Wednesday, 31 October 2012

Religion & The Media

Throughout the ages the media has acted as both a reflector and educator of society. Centuries later, we can look at the media of that time and make clear inferences about changing theology. Media not only reflects theology, but influences it.

Through looking at historic representations of Christianity we can ascertain the views of the time1. The BBC documentary ‘How the Devil Got His Horns: A Diabolical Tale’ shows that when depicting the Devil, each artist would take inspiration from previous artists' paintings. Throughout this documentary, Sooke shows that the changing image of the devil reflected society's changing attitude to the role and characteristics of the Devil from a beautiful angel that was a caretaker of sinners, to a horrific beast-like figure2. This shows that the media of the time can reflect the theology of that time, and influence that which is to come.

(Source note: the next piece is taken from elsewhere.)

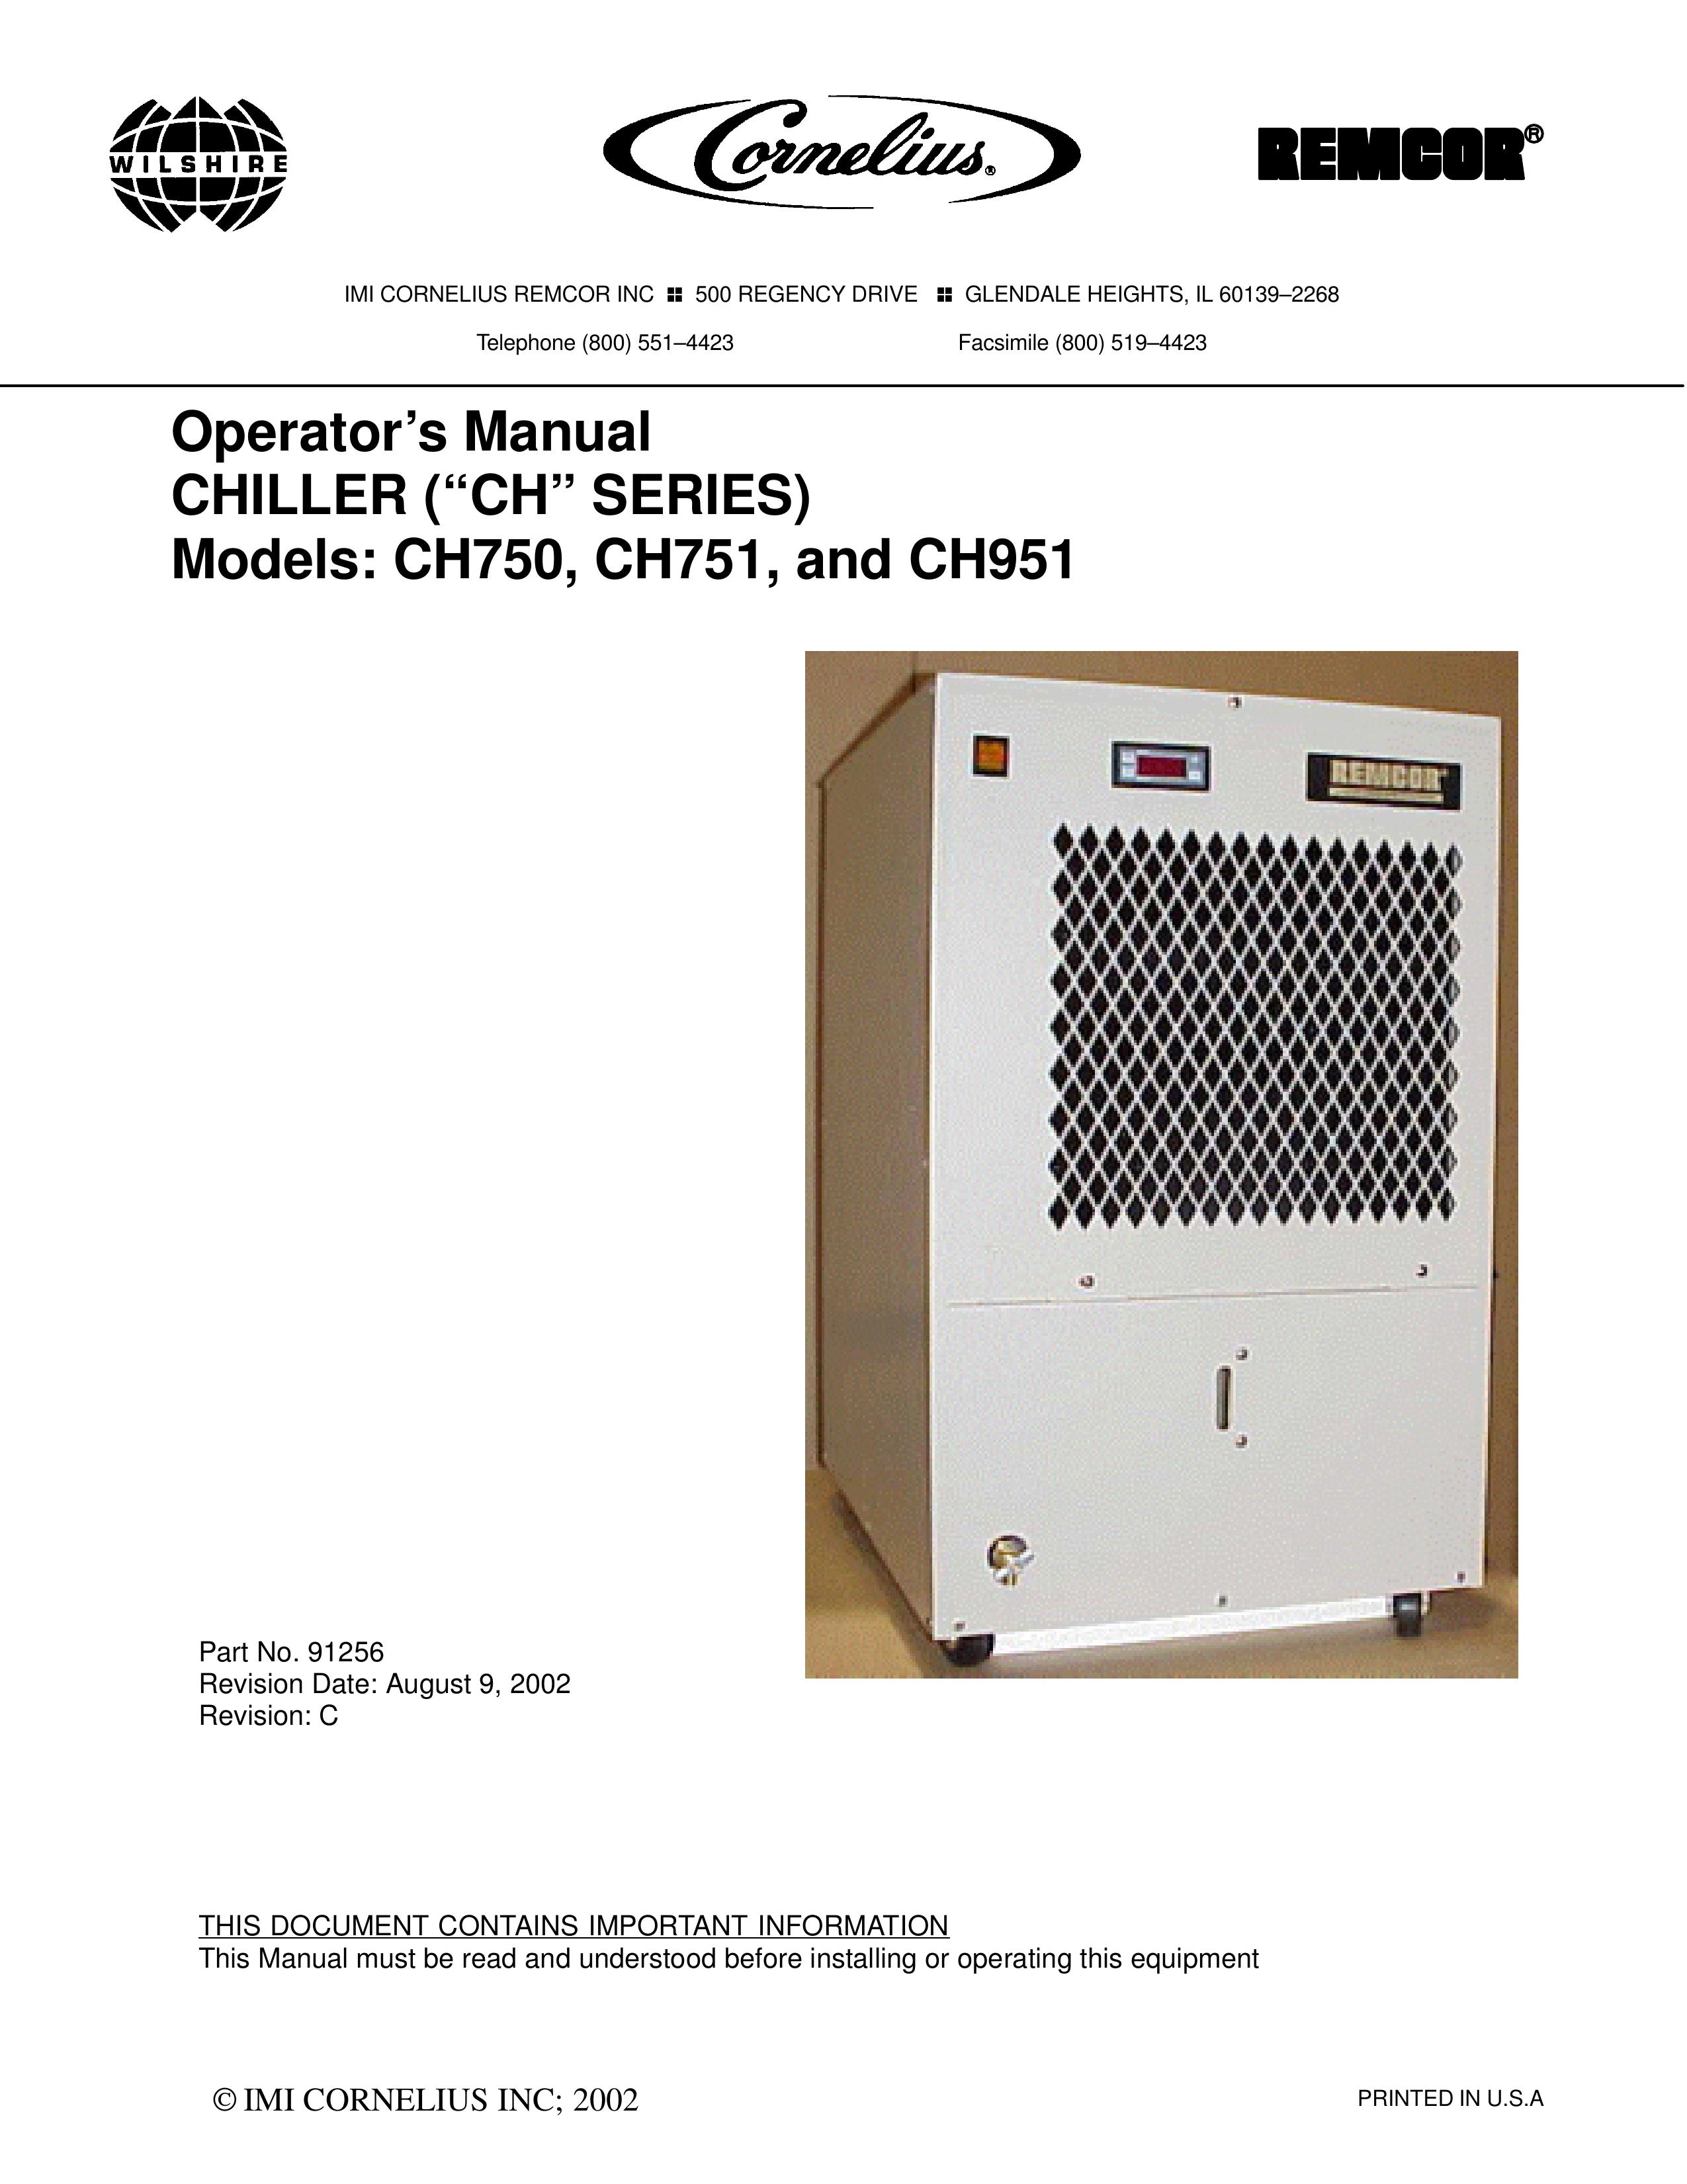 Cornelius CH750 Refrigerator User Manual

Today, television provides a unique insight not previously offered; with hundreds of channels it is easy to gain insight to what others think and how they live. Television provides a unique way of “making the unfamiliar familiar”3, but questions have to be raised over whether this challenges prejudice, or if it simply enhances stereotypes? It is widely stated that sitcoms hold up a mirror to society - Susan Borowitz goes as far as to say that "the sitcom has taken the place of church, of religious training"4.  If this is the case, then it is important to understand not only what are sitcoms saying about religion and society, but also how that influences audiences.

So what are sitcoms saying about religion now? According to 'Family Guys? What Sitcoms Say About America Now',  for many Americans their personal faith still has the utmost importance, however there is little concern given to those who have other faiths, as long as they have a faith5

Recently, there was massive uproar over the film ‘Innocence of Muslims’, an anti-Islamic film that ridiculed the Prophet Muhammad. Described by Peter Bradshaw from the Guardian as a "bigoted piece of poison"6, the film initiated many protests, both violent and peaceful, across the globe7. This is obviously a reckless use of the media. I think it likely that Christians would be offended by a similar portrayal of Jesus or the Virgin Mary. Conversely, the American TV show 'Family Guy' unashamedly pokes fun at any religion (and for that matter any race, gender, or sexual orientation)8. Naturally, some find Family Guy insulting, but it remains incredibly popular, especially in God-fearing America. Somehow, Family Guy manages to strike a humorous and apparently appropriate balance.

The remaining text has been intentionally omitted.